> PROBLEM DETAILS: Copy out the data below from the line containing "обои зима на" to the line containing "OLLIECO_Canteen-4_1560x1080", both lines included, with all images left out.

> DATA PROVIDED:
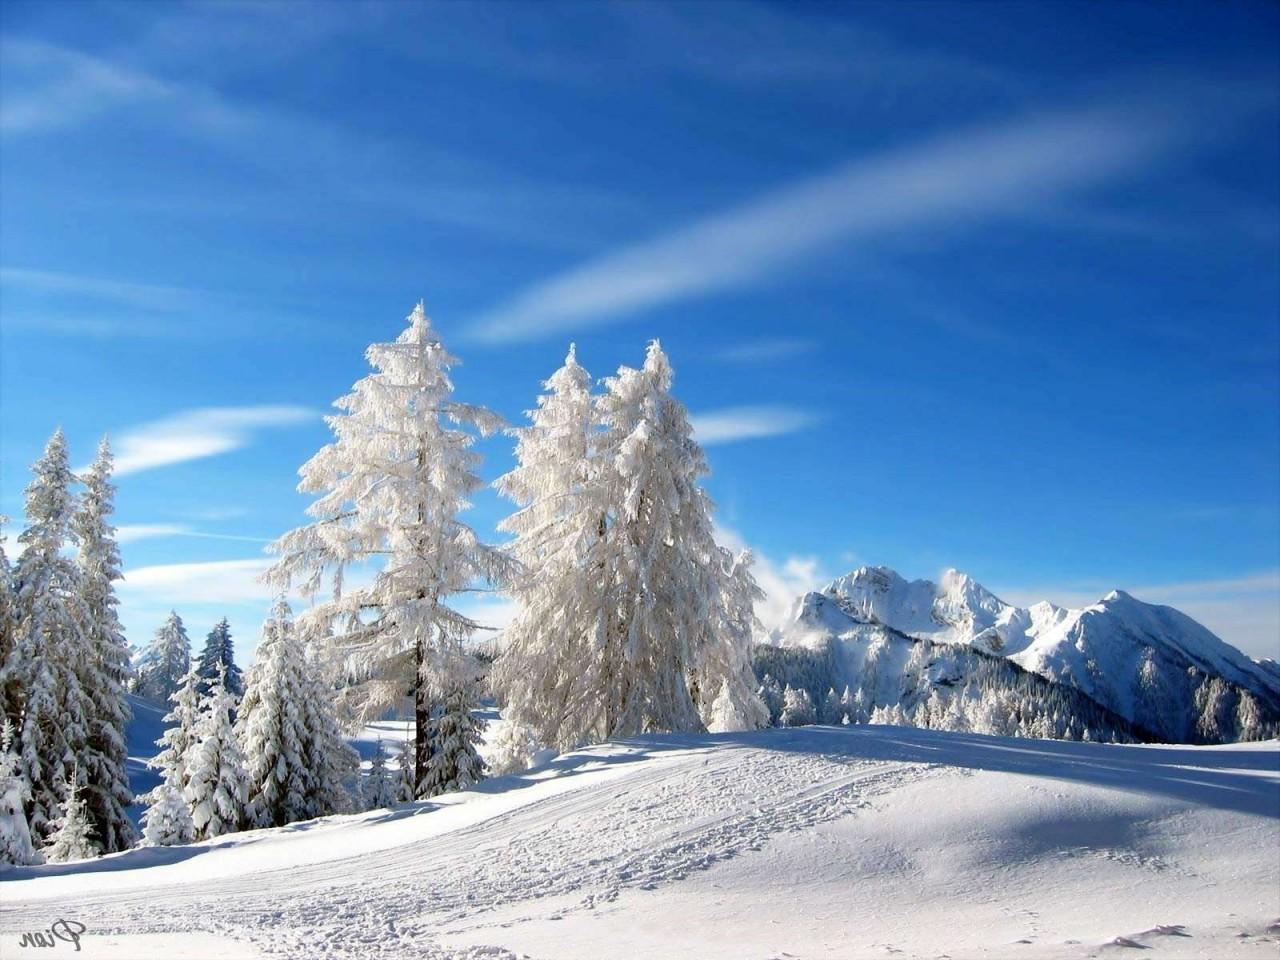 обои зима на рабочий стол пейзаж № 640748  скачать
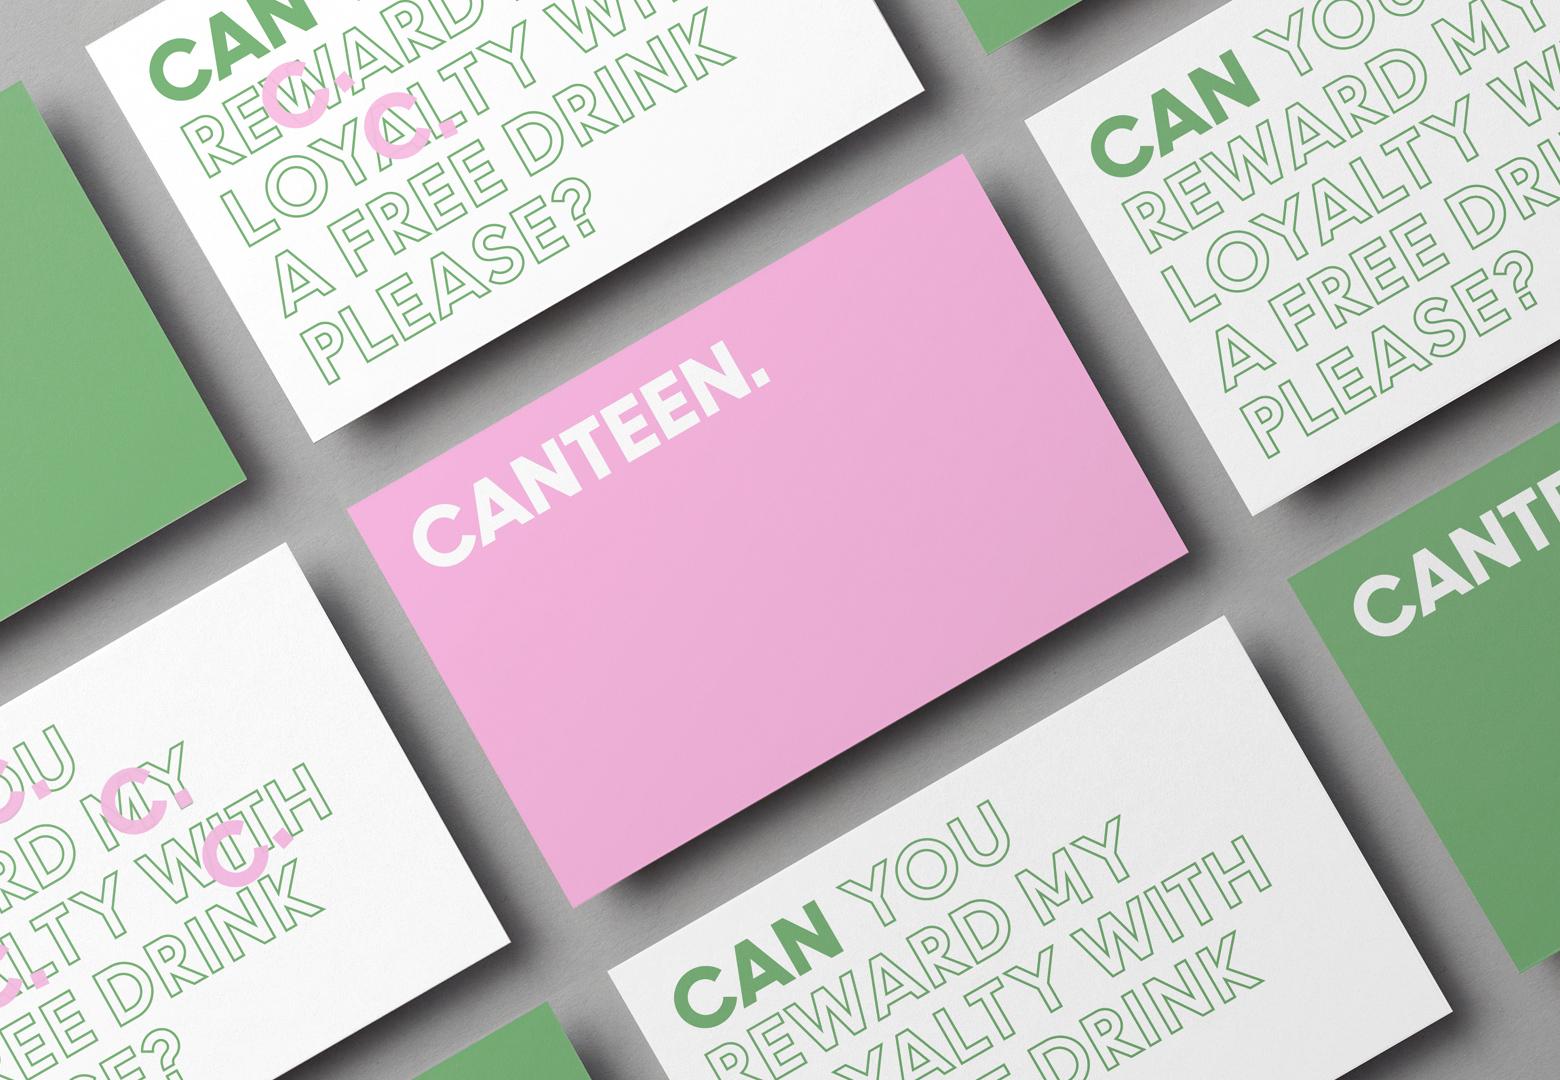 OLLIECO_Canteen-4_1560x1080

--

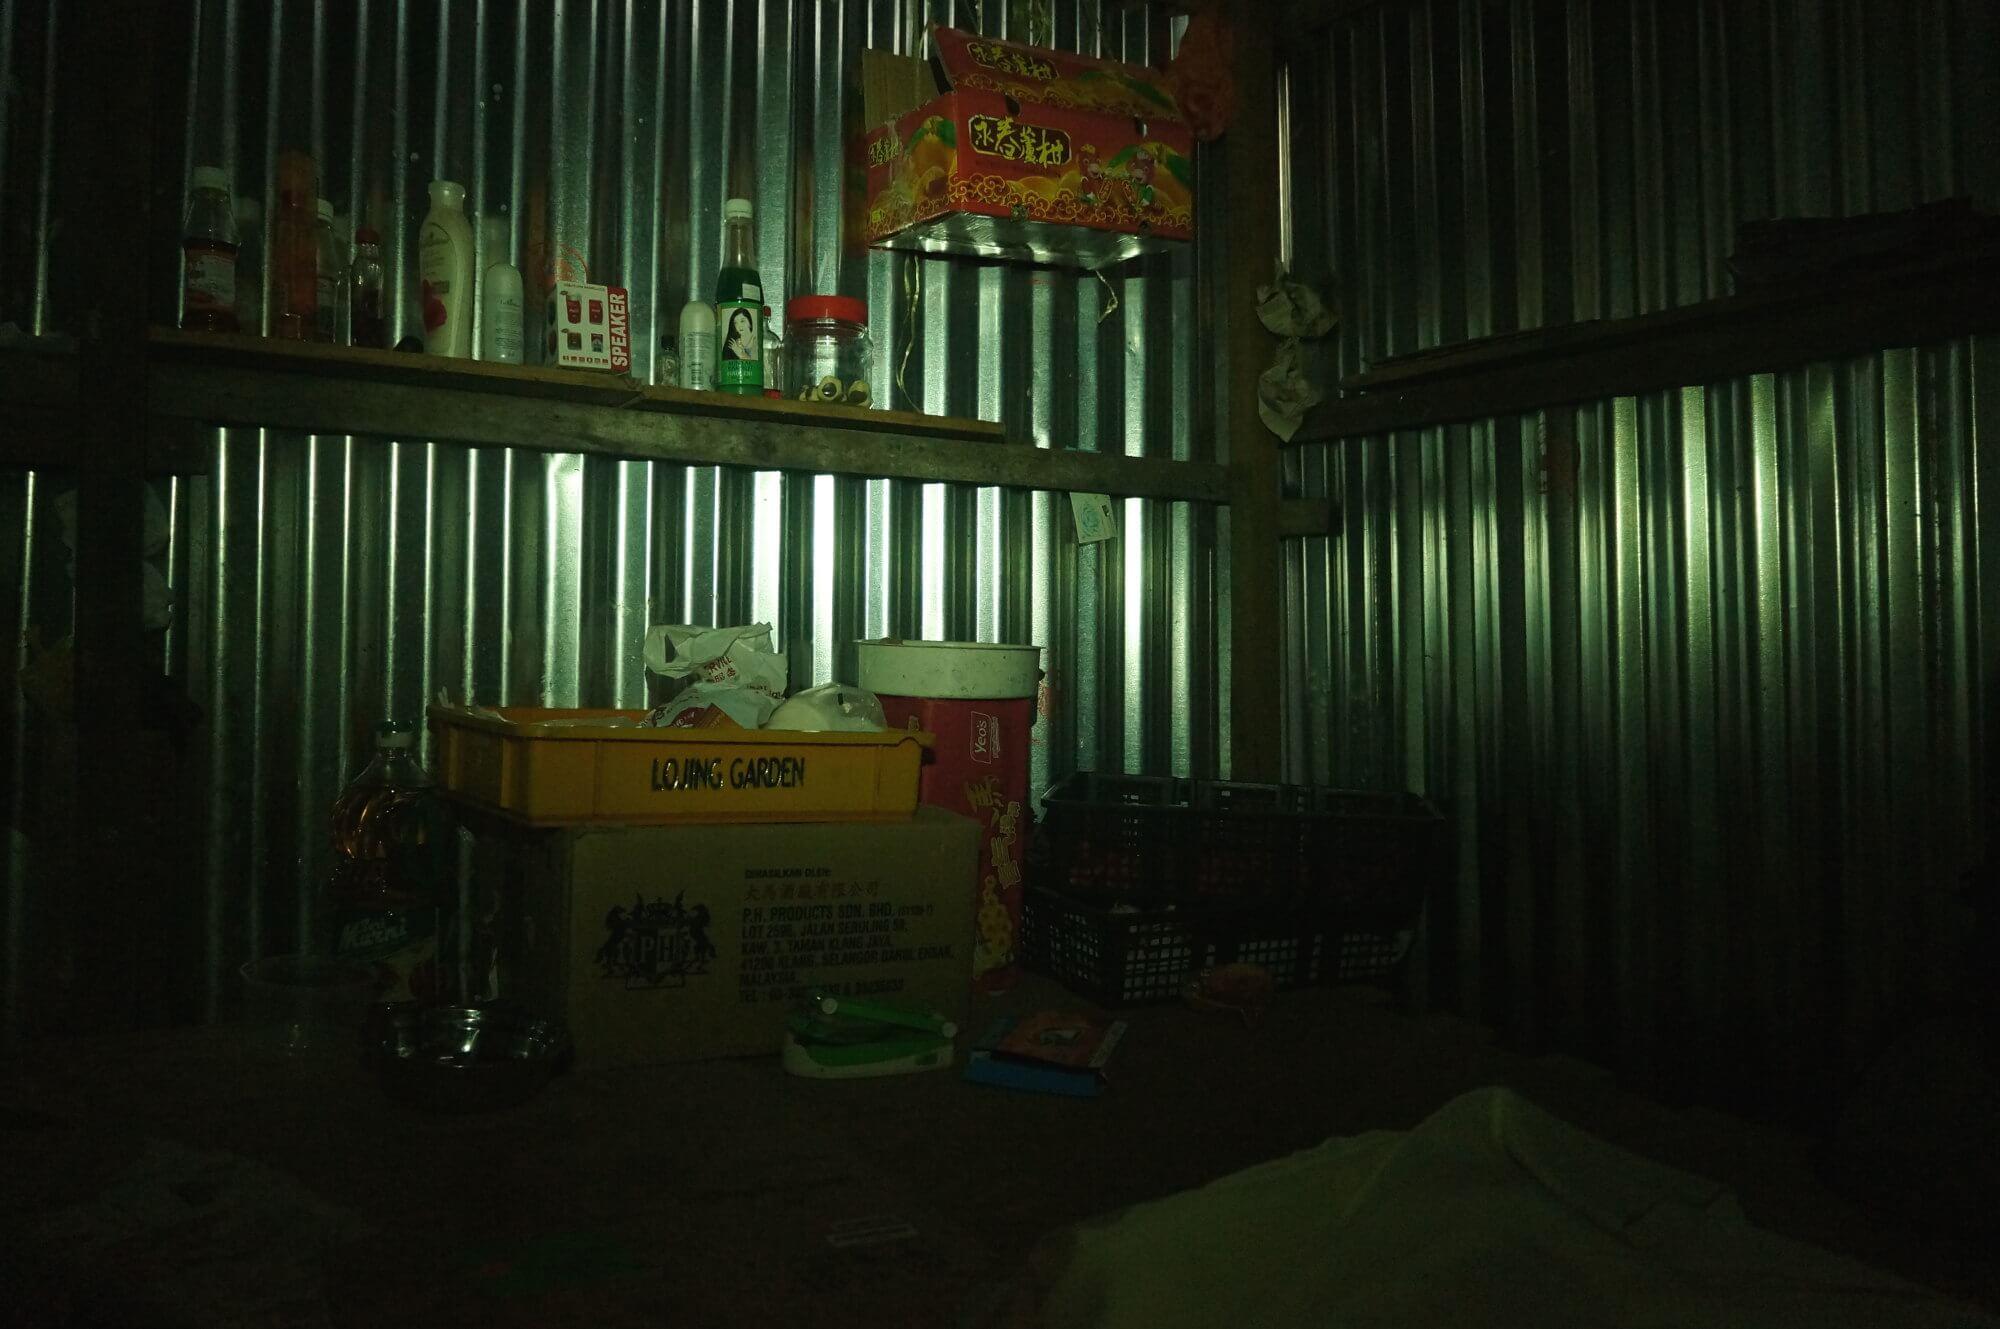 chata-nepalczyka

==

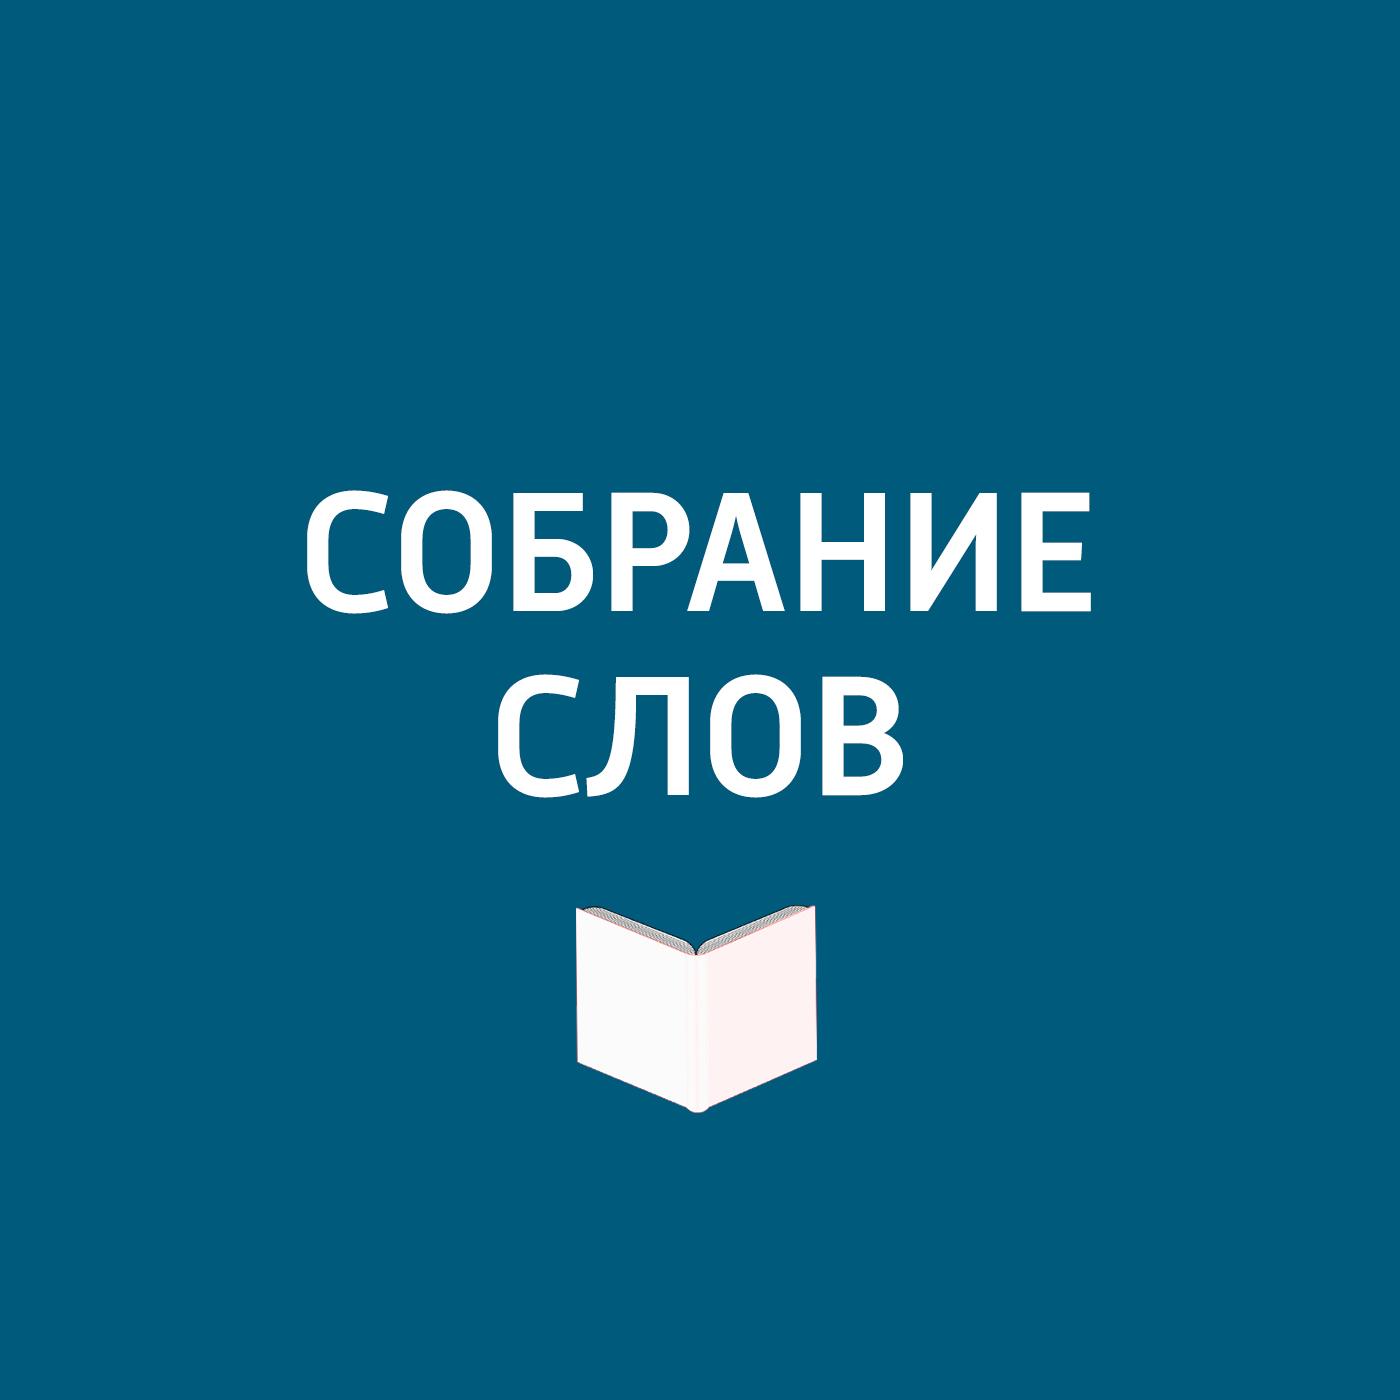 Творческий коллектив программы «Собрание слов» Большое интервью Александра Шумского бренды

> ANSWER SECTION:
 обои зима на рабочий стол пейзаж № 640748  скачать
 OLLIECO_Canteen-4_1560x1080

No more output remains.